Его "потеряли", можно сказать, не найдя. Трос оборвался на старте. Егор, очутившись рядом с Надеждой, забыл элементарную вещь: взял на прицеп трогай помалу. А он, одурманенный загорелыми прелестями соседки, рванул с места в карьер.
- Ну что, - зло спросил Николай Егора, - с головой договорился, скоро к заднице перейдешь?
- Дурак! - закричала Надежда, высунувшись из машины.
- Ты за кого меня, Никола, принимаешь? - искренне возмутился Егор. - И в мыслях не было. Я после инфаркта, знаешь, водила какой. Одна дорога в голове. Цепляй по-новой и не выдумывай околесицу.
- У тебя, как я погляжу, только на словах инфаркт.
- Тебе бы такое. Ходить по-человечески не могу. Как рак пячусь...
"Следующую жену из Раков буду брать, - думал Николай, тащимый на прицепе. - По гороскопу идеальная для меня супруга".
Но вдруг вспомнил мудрую формулу из рассказа Шукшина: "Жену выбирай, не выбирай, - все равно ошибешься..." - и крепко засомневался в целесообразности обмена шила на мыло.
К ЧЕРТЯМ СВИНЯЧИМ
Проснулся Геннадий Фаддеевич Кукузей от дрели. Воя на изнуряющей ноте, она до мозгов пронзала пространство откуда-то из-за стен. Трудно сказать, с каким успехом сверло дырявило неживую материю, Геннадия Фаддеевича в пять секунд прошило насквозь, сон улетучился, как и не было.

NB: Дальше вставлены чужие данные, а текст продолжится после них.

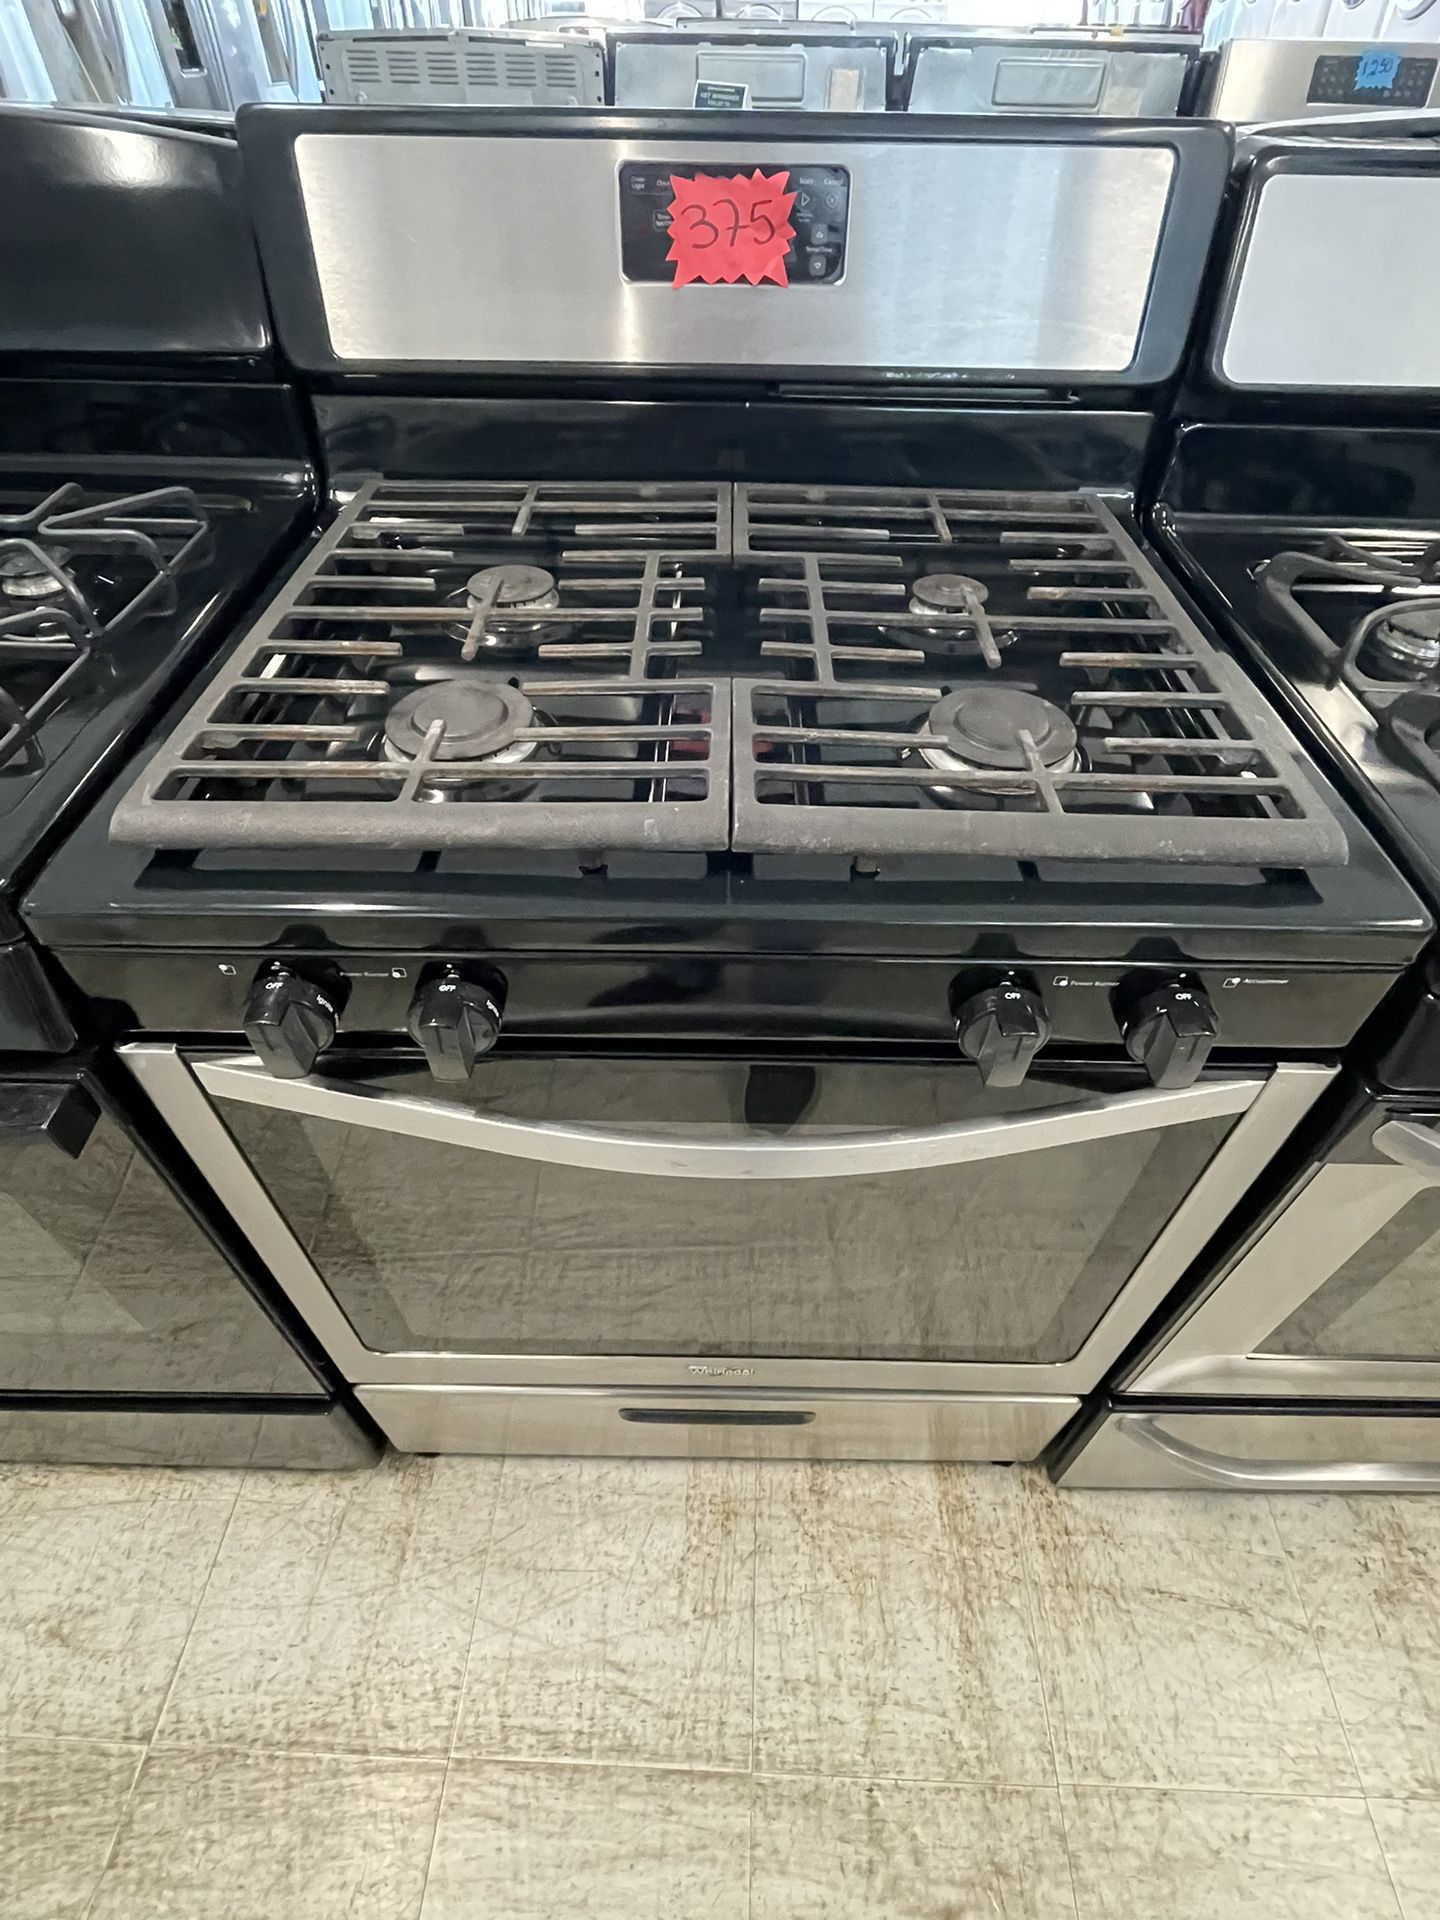 Whirlpool Gas Range Stove Used In Good Condition With 90days Warranty

"Что они, вконец озверели?!" - нелюбезно подумал о соседях.
С каких, спрашивается, атрибутов любезности взяться: ночь в полном развороте, темнота, хоть глаза всем подряд коли, самое время трудовому человеку расслабиться в кущах Морфея, а ему в уши заместо колыбельной сверло.
Геннадий Фаддеевич возжег лампу в изголовье. И нехорошие слова бесенятами заплясали на языке. Стрелки часов еще только разменивали четвертый час, до верещания будильника спать да спать!.. А тут...
Жену дрель не брала. Она, во всей красе раскинувшись на основных площадях двуспальной кровати, насморочно сопела.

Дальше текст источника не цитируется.